Smith, outside the Museum.
Smith, outside the Museum. Cade Martin

“My sense is that it’s because he’s an outside artist and visionary,” she says. “He’s a folk artist but he’s not a part of the art scene. He isn’t well known for his art, he’s more well known for the whole picture. It’s the package of Barney and the art that matters more than the art.”

She has put together a small group that is searching for a location in town to keep it free and open for anyone who wants to appreciate an artist who made his mark in folk art.

“If his art, and other art like his, was in one space in San Antonio, people would flock to it,” she says. “It would become huge.”

All of this doesn’t matter to Smith. He just wants to keep making toilet seats until his last day.

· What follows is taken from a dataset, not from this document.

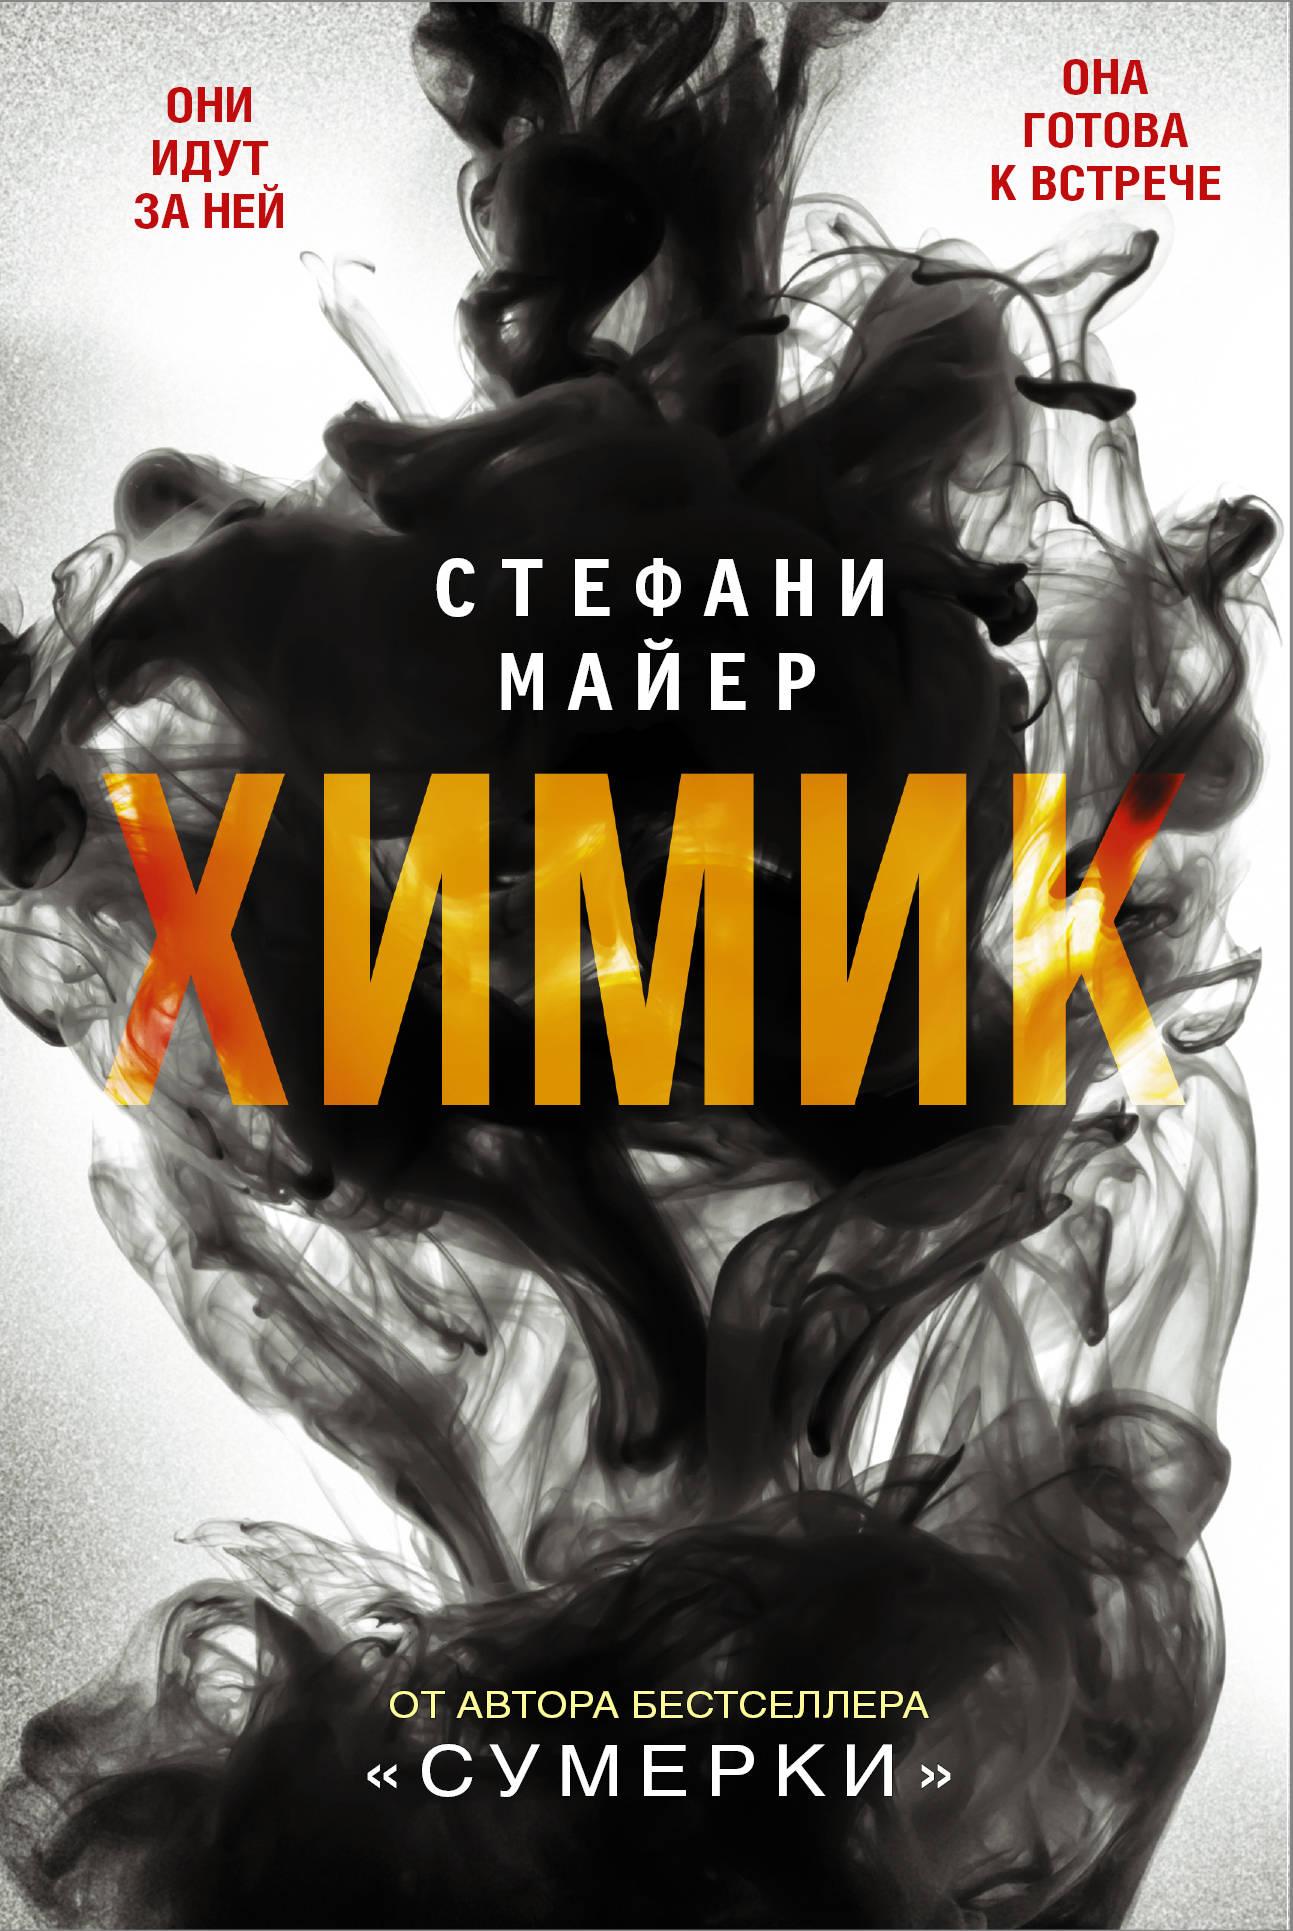 Стефани Майер Химик

“I’ve got ideas running out of my ears,” he says. “I may be making more toilet seats in place of wherever [the collection] goes.”

<em>When Earth’s Last Picture Is Painted</em>.
When Earth’s Last Picture Is Painted. Cade Martin

If you ask him about his favorite seat, he shows you something less flashy. Centered on the seat is a piece of paper so worn that its words are unreadable. You won’t have to read it, though, as Smith will immediately recite Rudyard Kipling’s poem, “When Earth’s Last Picture Is Painted,” from memory. He’s known it since it was assigned to him in the fifth grade. The poem describes a world with no critics, where everyone works “for the joy of the working,” realizing their own vision.

“It means a lot,” he said. “I’ll eventually paint my last picture and then I’ll be gone from this old world…And I’ve left quite an impression on a lot of people. Everybody needs their day. I got mine.”